The text is intentional in its overbearing style. The colors are bold. The sleaze is very sleazy. The stink is caked on. The creeps do be creeping. And then a vampire Don Juan walks in and our MC feels it through her whole body. It’s fun.
This is a great example of an over-the-top style that doesn’t sacrifice anything in terms of clarity or focus. We learn a lot of small details about the world we’re in within the first few pages.
Nothing is explained at length, but we get a very good sense of our MCs situation. She’s being used by some kind of organization with celestial backing. She has a handler. She’s here to take out a vampire.
She’s signed on to do this to eventually be freed from this vampiric curse she’s under. This creates a perfect, overarching character motive straight away. Shes doubly a prisoner.
A prisoner of her vampiric curse – which manifests itself as a kind of second-self she can hear in her head and has named, delightfully, Eddie. And now a prisoner of this monster hunting organization.
If only she’d known what it would be like to serve them, she’d have staked her own heart and been done with it. Great stuff.

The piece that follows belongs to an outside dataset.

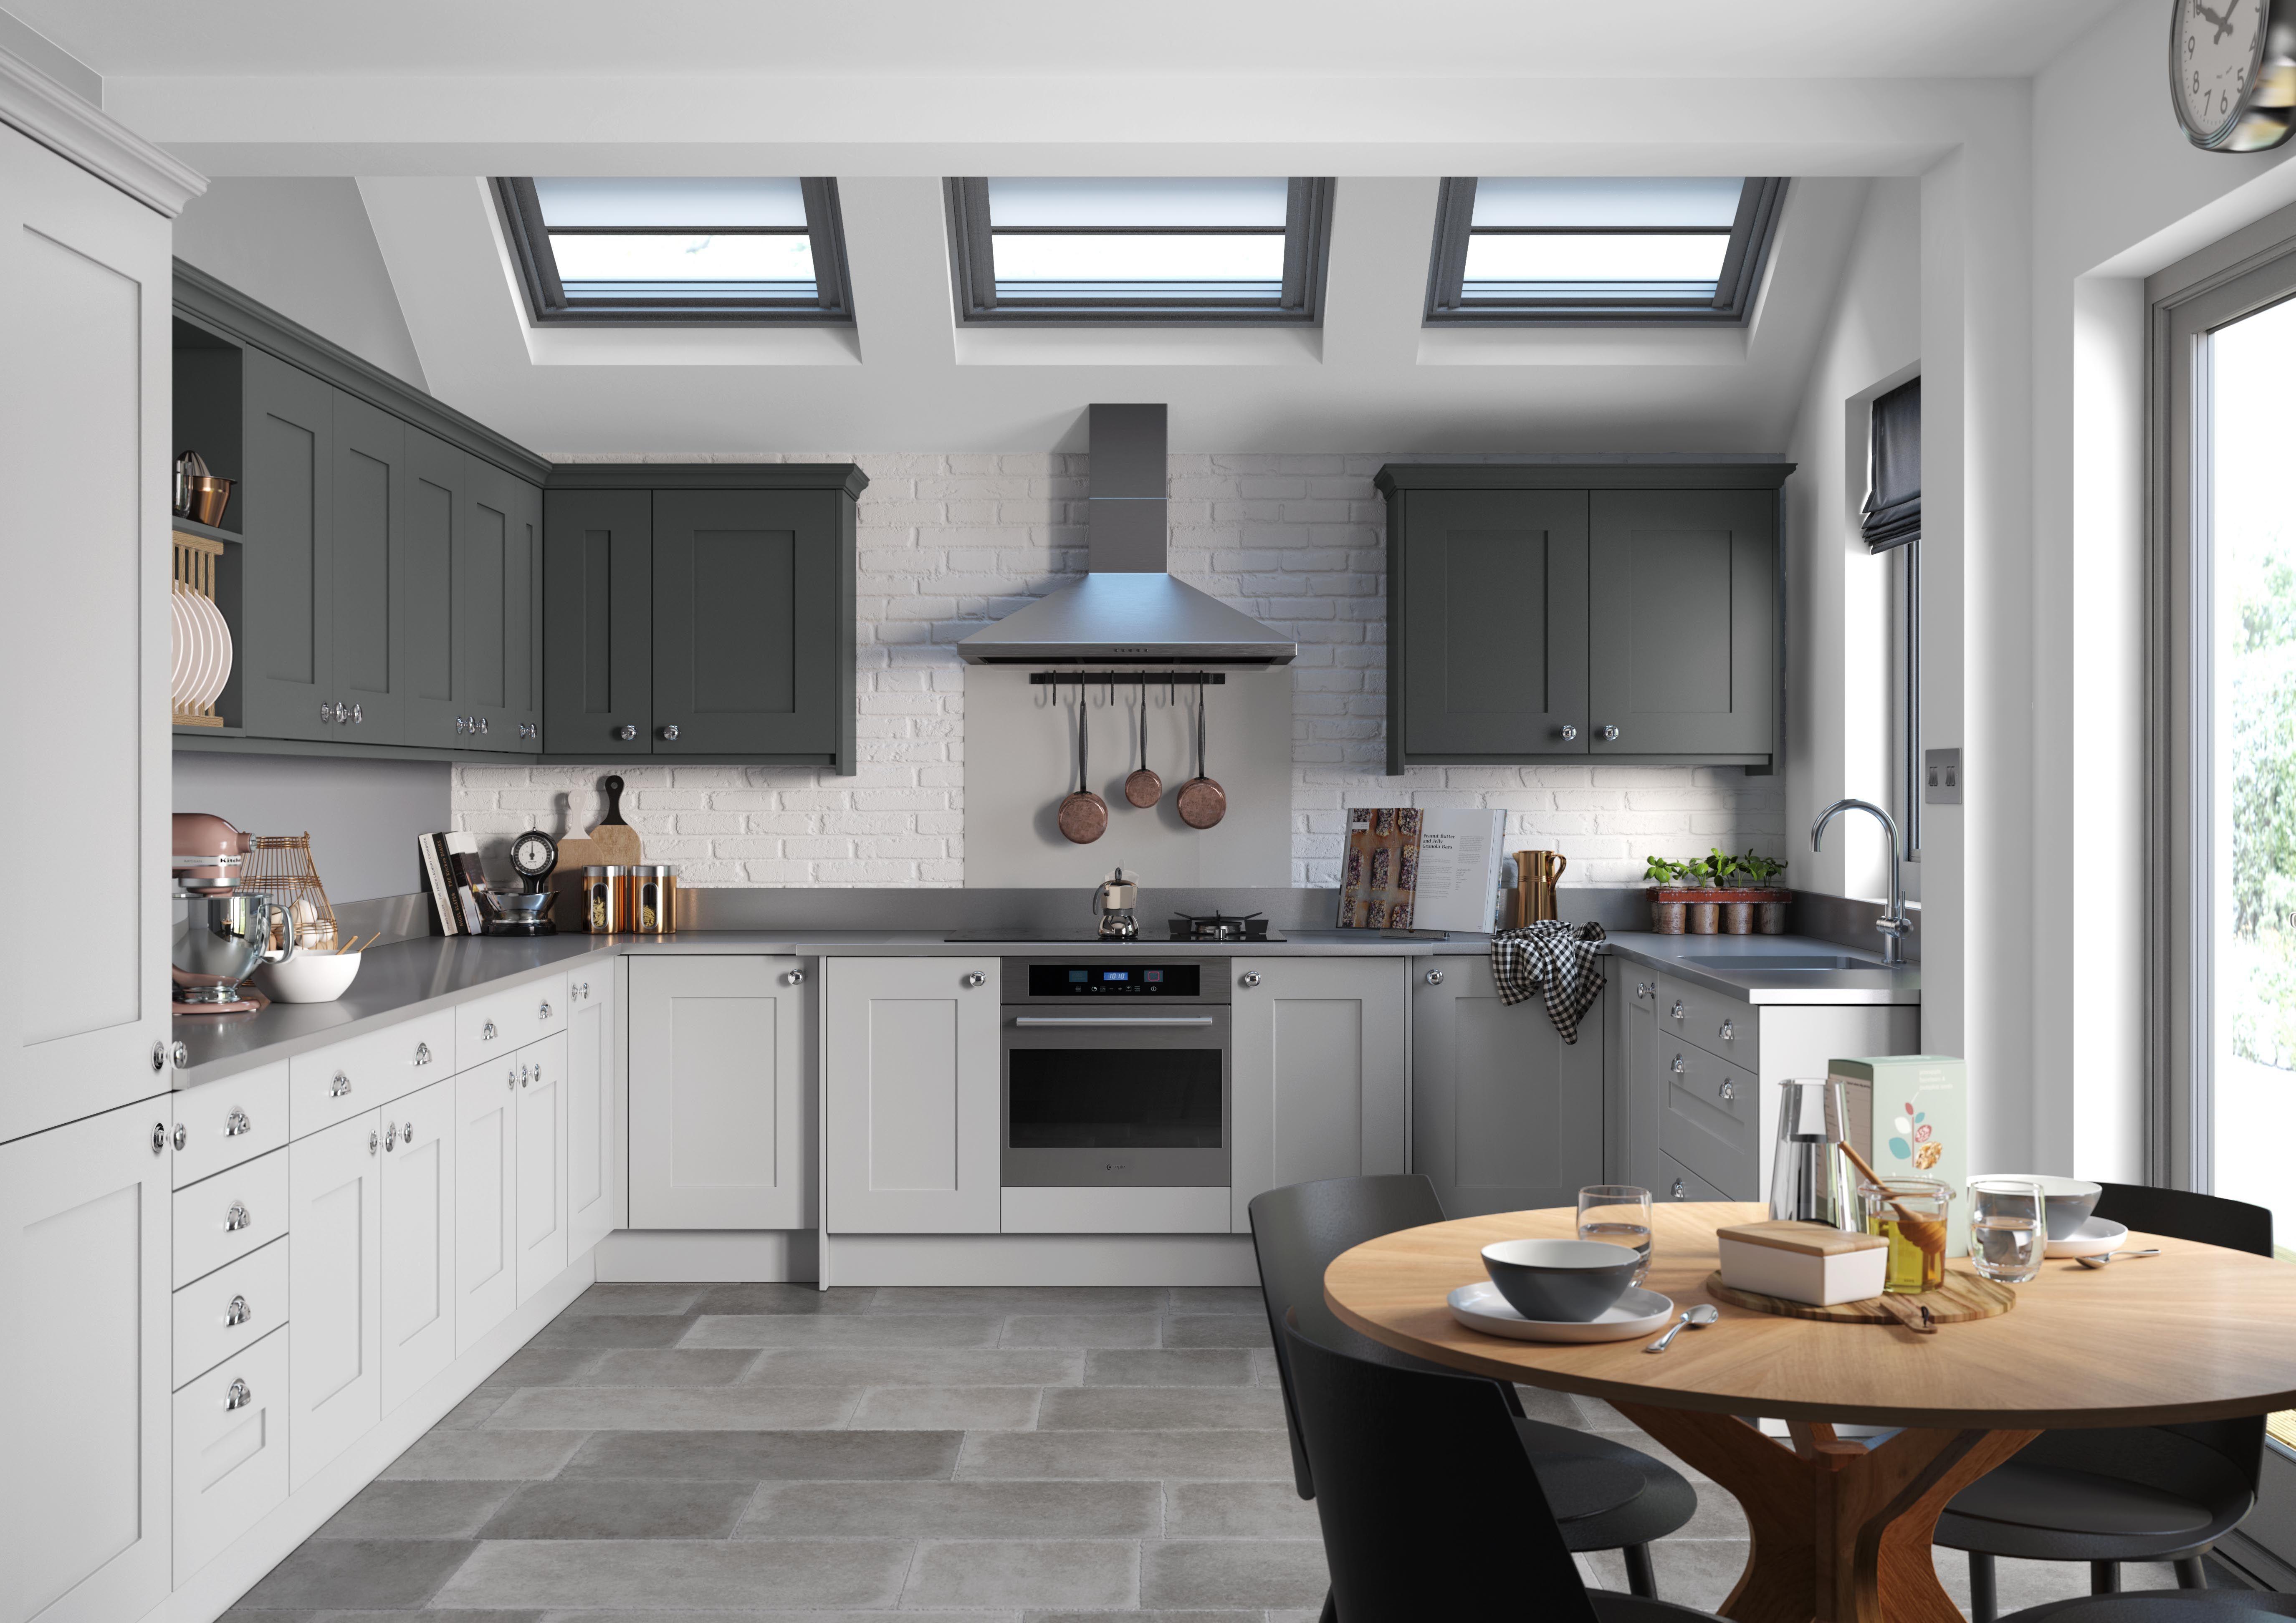 Trend Kitchens Light Grey Plain Shaker and Graphite

Dripping with noiry, urban fantasy style turned up to 11, our powerful female protagonist (who could as easily rip a creeps heart out as tell him to get lost) has a job to do, and she might as well get on with it.
It’s active, creative, focused, and fun to read. It’s melodramatic. It reads fast. It has a sense of flair, and I’m interested to see how the character of our MC develops.
I feel like she has surprising depth that the narrative hints at through things she doesn’t do. She’s in a bad situation and she’s making the best of it with a grimace and pretend indifference. I like that. The more I read the more impressed I am. I’m in!